"Well it depends. Criticism of the form "make everything look as I'm used to" is not very interesting."
It may be not very interesting, but that's a valid criticism nonetheless: 'This worked for me and you changed it in such a way that it doesn't work as well anymore, why is that?' So far no answer to this question.
"The people behind Gnome 3 decided to innovate, adopt a new interface and go on. That's a difficult decision for an established desktop but nevertheless they did. Irrespective of whether I like the new desktop or not, it is nice for free software to innovate and include new designs."
The problem is, the end result of their attempt to innovate has proved to be less effective than what already existed for quite a number of users. Worse, so far we still don't know how what we had was broken and why it needed to be fixed. Seems that we should learn to love the "brand", yay! :)

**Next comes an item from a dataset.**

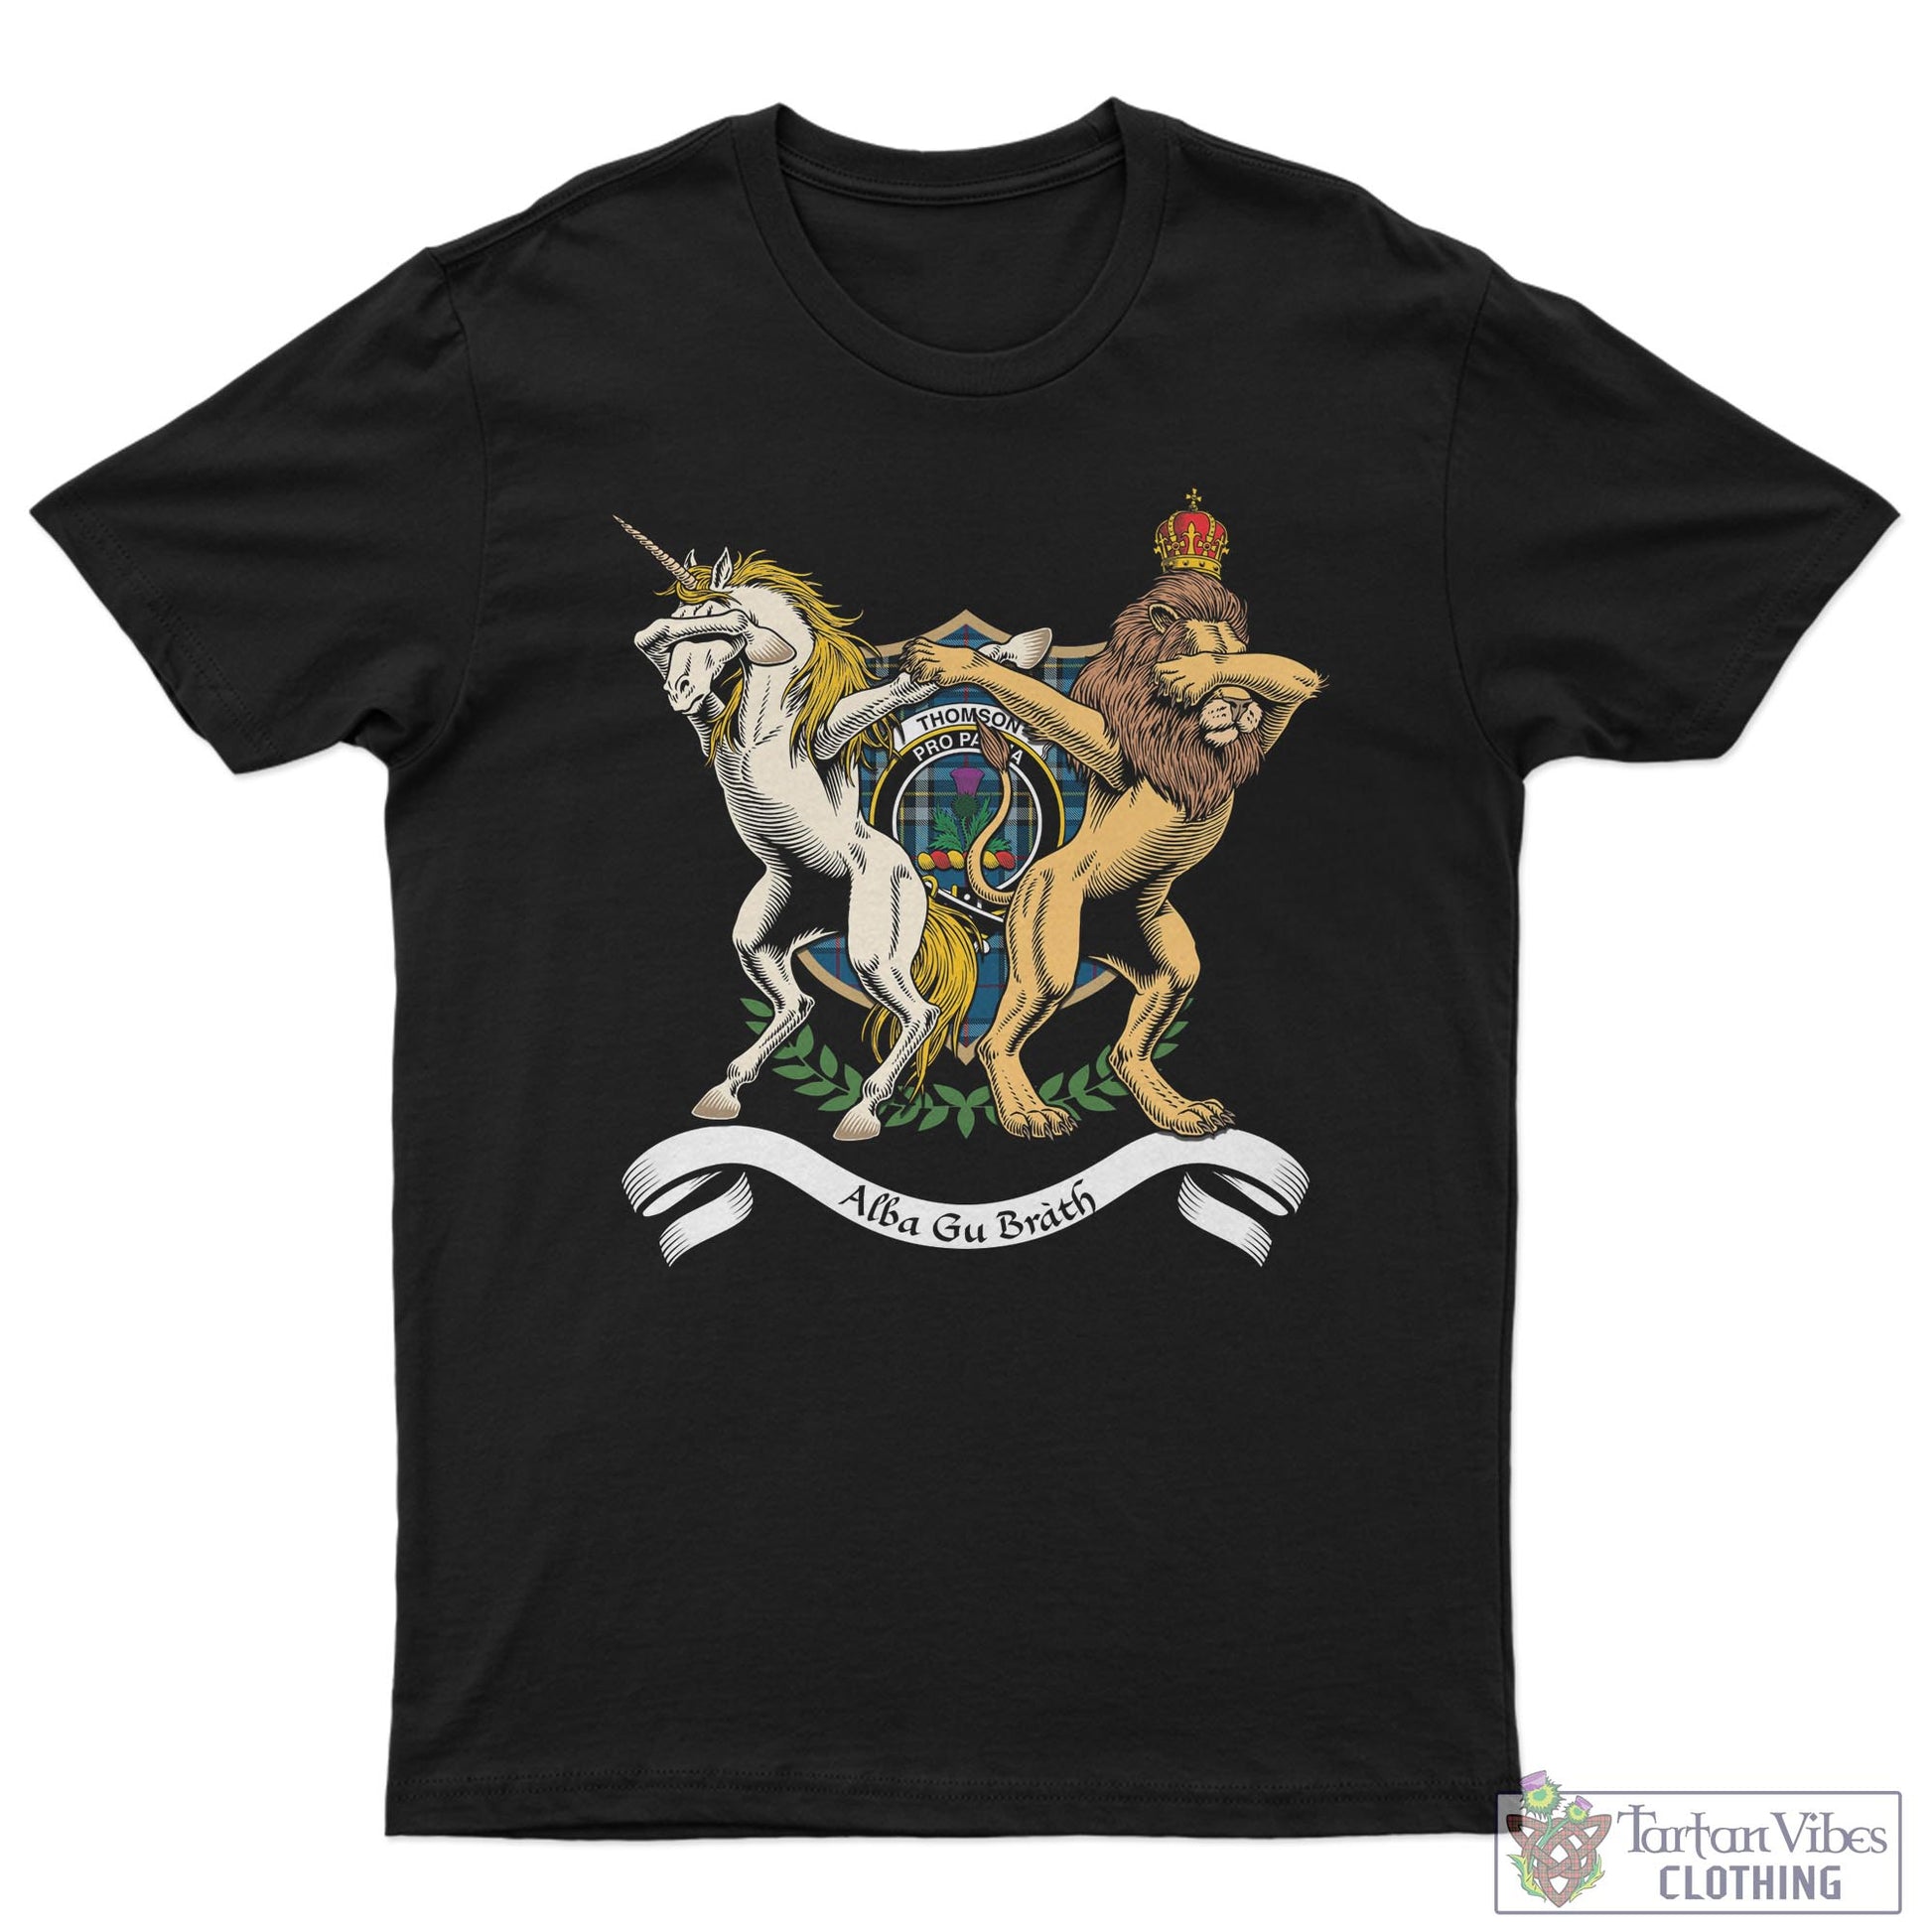 Tartan Vibes Clothing Thomson Dress Blue Family Crest Cotton Men's T-Shirt with Scotland Royal Coat Of Arm Funny Style
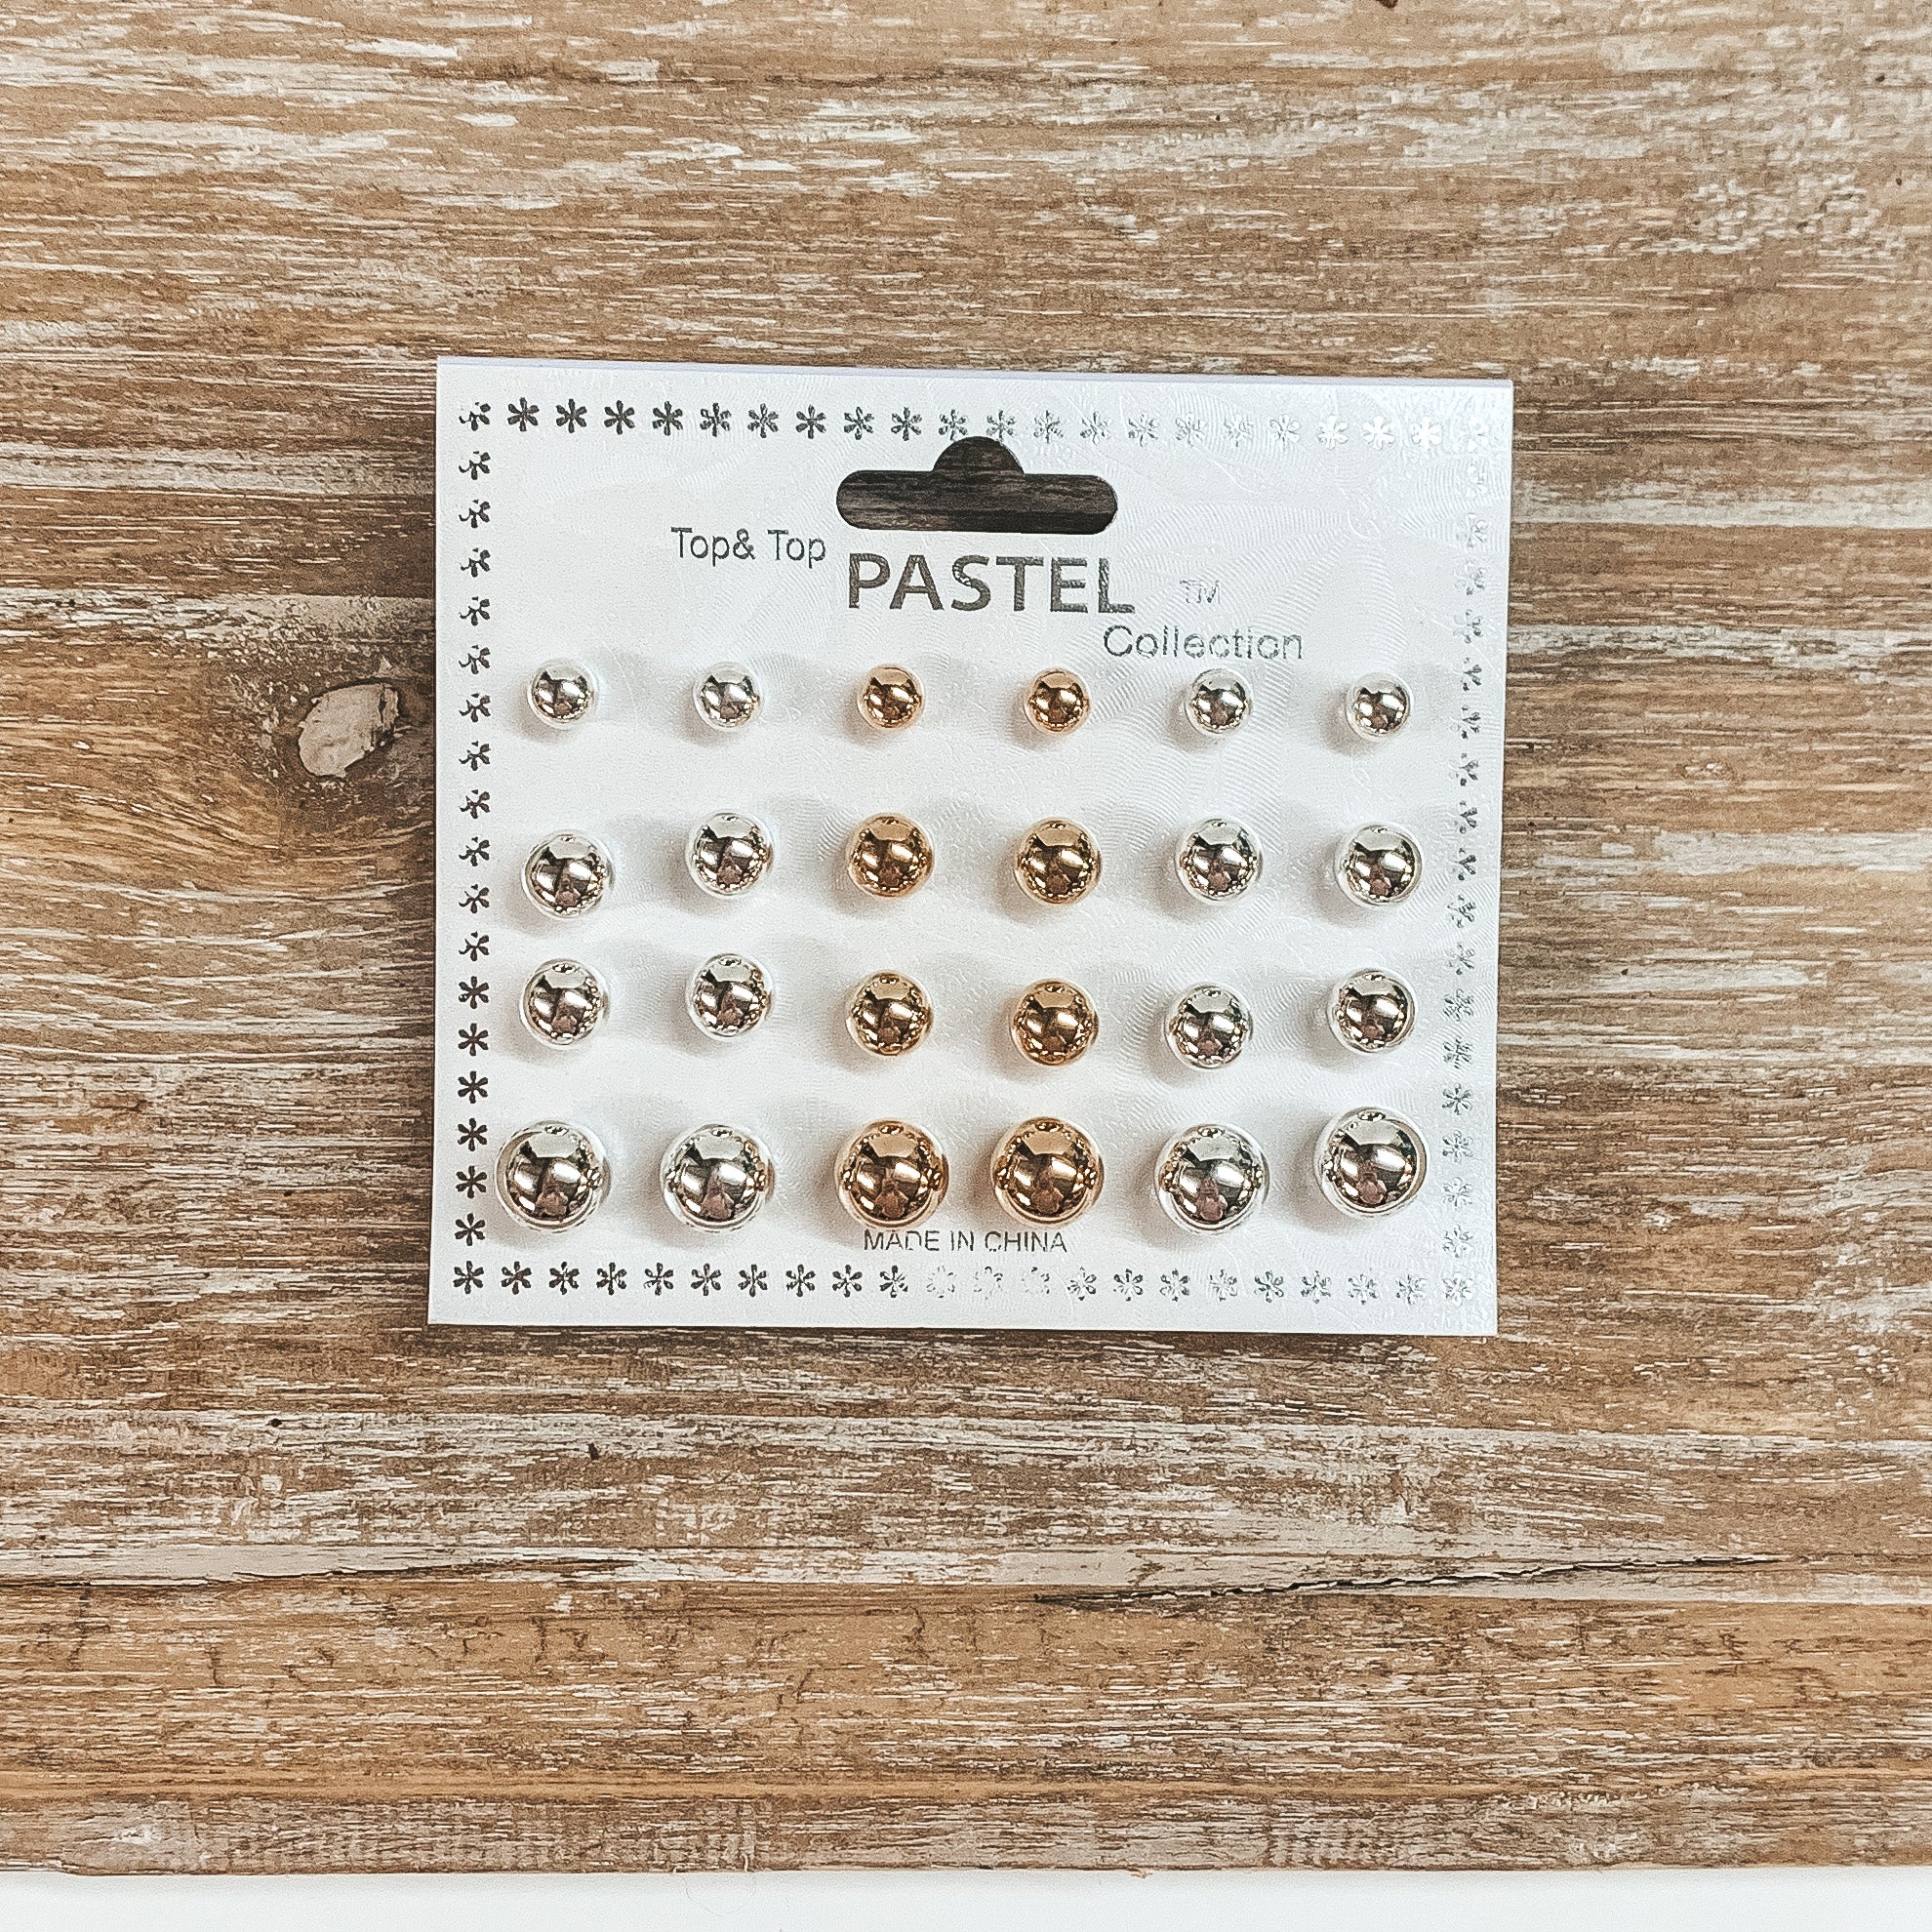 This is a pack of twelve circle stud earrings in different sizes and colors such as gold and silver. These earrings are placed on a white earring card holder and laying on a wooden slate.

"Btw. I think most of the gnome 3 criticism comes from the fact that the new interface requires some introduction (10min one) on how to use. Maybe they should ask the age of the should have included a video played on the first installation. I'm really old-school person but liked the interface only by the time I watched a video in youtube on how to use it."
That's actually a good point, but you shouldn't assume that most if not all of the criticism comes from people who tried GNOME 3 for less than 10 minutes: I was an enthusiast, I followed discussions about Gnome 3, and I tried to like it. The fact that they failed to impress people who were loyal users and supporters should speak volumes to anybody.